Мне, конечно, ничего не стоило организовать слежку за Жанин, – но гордость не позволила.
К делам насущным вернула меня Селеста, позвонившая в четверг утром.
– Вы собираетесь сегодня на работу? Если плохо себя чувствуете, можете не приезжать. Вот только Питер Снайдер говорит, что нашел интересующего вас человека и хочет знать, что ему делать дальше.
– Я бы сам хотел это знать, – ответил я. – Передай Питеру, что я буду в десять.
Доктор Стерлинг Самим находился в это время в доме престарелых в Восточном Чешире. Я решил, что лучше всего навестить его немедленно. Выслушав сообщение Питера Снайдера и снабдив его указаниями, я отправил парня к Стерлингу, а затем, собрав волю в кулак, попытался настроиться на работу. Как я ни старался, сосредоточиться на делах клиентов оказалось довольно сложно, – в целом я не ощущал реальности происходящего. Но я продолжал заставлять себя думать только о работе, и в пятницу жизнь стала полегче. Домой я не торопился: перспектива провести выходные в одиночестве напрашивалась на сравнение с темной пропастью, разинувшей пасть в предвкушении жертвы.

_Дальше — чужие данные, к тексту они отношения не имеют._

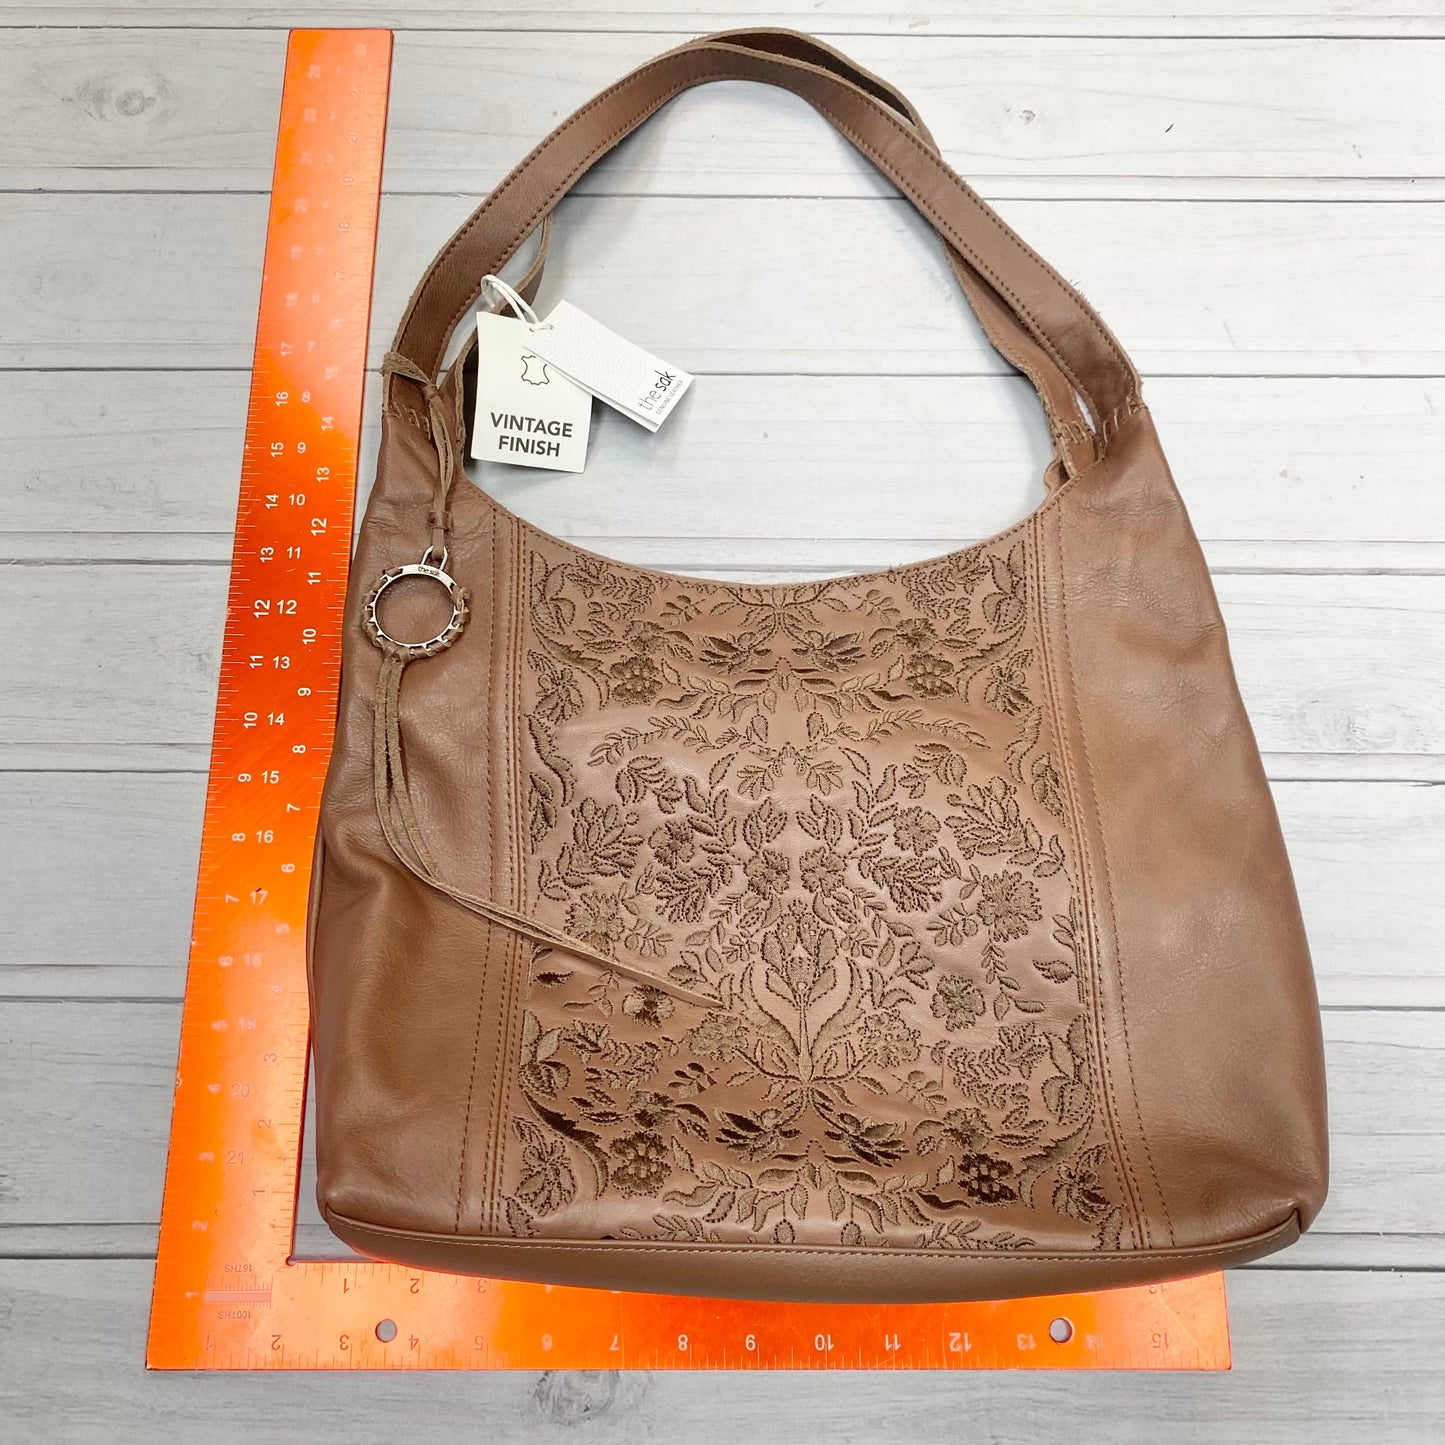 Handbag Leather By The Sak  Size: Medium

Добрую половину четверга Питер провел в доме престарелых, уговаривая персонал разрешить ему повидаться с доктором Стерлингом Самимом. В пятницу я снова послал туда Снайдера. Попытка – не пытка.
– Не доверяю я жителям Восточного Чешира, – сказал Питер, вернувшись в контору после пяти. – Кажется, будто попал в Средневековье. Каких-то полкилометра от автострады – и дремучий лес.
– Не преувеличивай, Питер.
– Нет, правда! Изгородь из густого кустарника, вокруг сплошные деревья… А что за люди – мало не покажется! Как будто никто из них никогда не видел чернокожего. Они заподозрили меня во всех смертных грехах! В этом Чалфонт-холле, в доме престарелых, решили, что я провожу разведку для ограбления. Хотя что там вообще можно взять – старая развалюха викторианских времен, а внутри – черт ногу сломит! Такое впечатление, что строители считывали проект вверх ногами. Чтоб оказаться на кухне, надо пройти через кладовую и оттуда подняться по лестнице, а в сад бедные старики выходят через окно.
– Питер, люди давно уже пользуются французскими окнами-дверями, – заметил я.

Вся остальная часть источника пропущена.